Every medical condition has its mimics, borderland, and chameleons (Smith, 2012). But for epilepsy, where the diagnosis is largely clinical and the consequences of misdiagnosis are so serious, conditions that simulate or overlap with epilepsy assume great importance. The mimics of epilepsy—principally syncope and psychogenic attacks—are well known to epileptologists, and their clinical distinguishing features are well rehearsed. Within the list of mimics are those conditions at the borderland of epilepsy, truly overlapping and often responding to antiepileptic medications. The best examples are the startle syndromes, parasomnias, and migralepsy, but also perhaps cataplexy, tonic spasms of multiple sclerosis, central pain syndromes, and even panic disorder. Finally, there are the “chameleons”--disorders in disguise—which for epilepsy includes situations such as frontal lobe seizures mimicking nonepileptic attacks or transient epileptic amnesia, first mislabeled as its “global” cousin.

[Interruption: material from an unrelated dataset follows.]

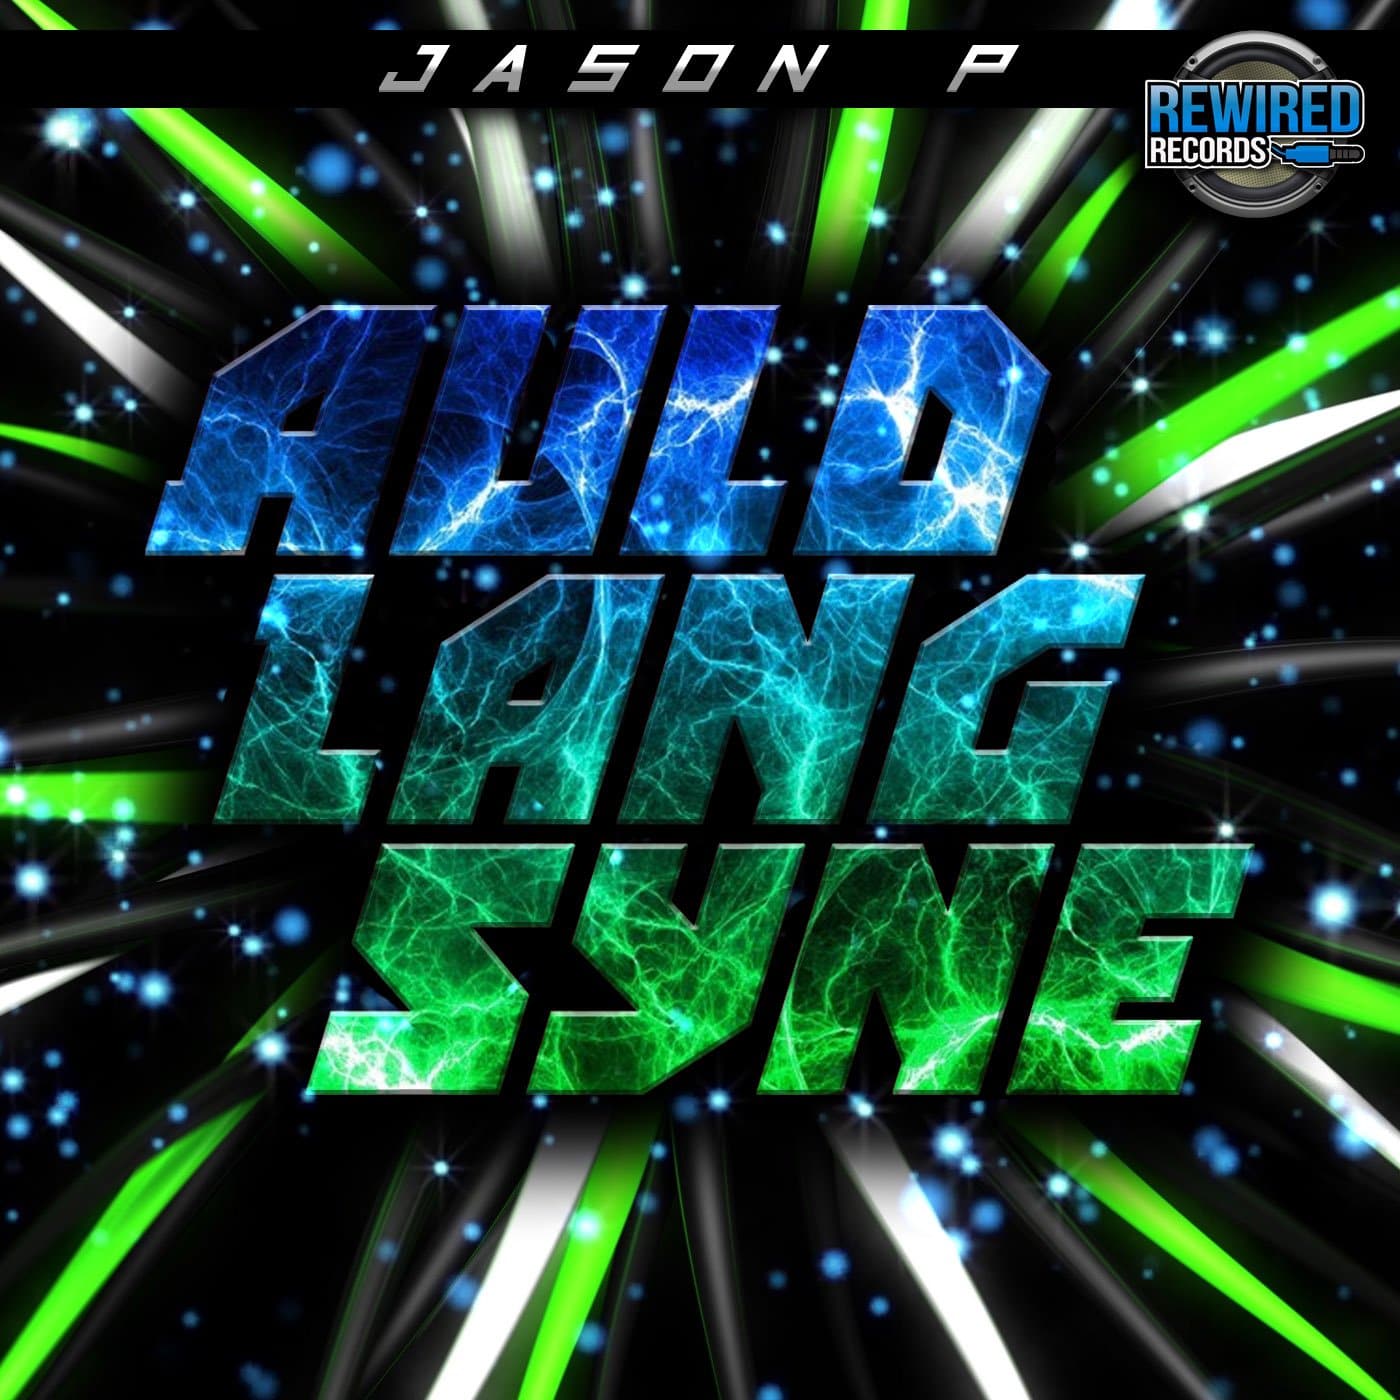 Jason P - Auld Lang Syne - Rewired Records

Sir William Gowers, in his celebrated treatise, “The Border-land of Epilepsy,” was first to distinguish this group. Gowers’ scholarly work has largely stood the test of time (excepting perhaps his inclusion of vertigo), even though he worked without technology to appreciate better the etiologies of those conditions “in the border-land of epilepsy—near it but not of it” (Gowers, 1907; Crompton & Berkovic, 2009). This supplement assembles texts from the Chairs’ symposium of the 10th European Congress on Epileptology, London, September 2012, where Gowers’ text was the foundation upon which to develop the theme of the Borderland of Epilepsy.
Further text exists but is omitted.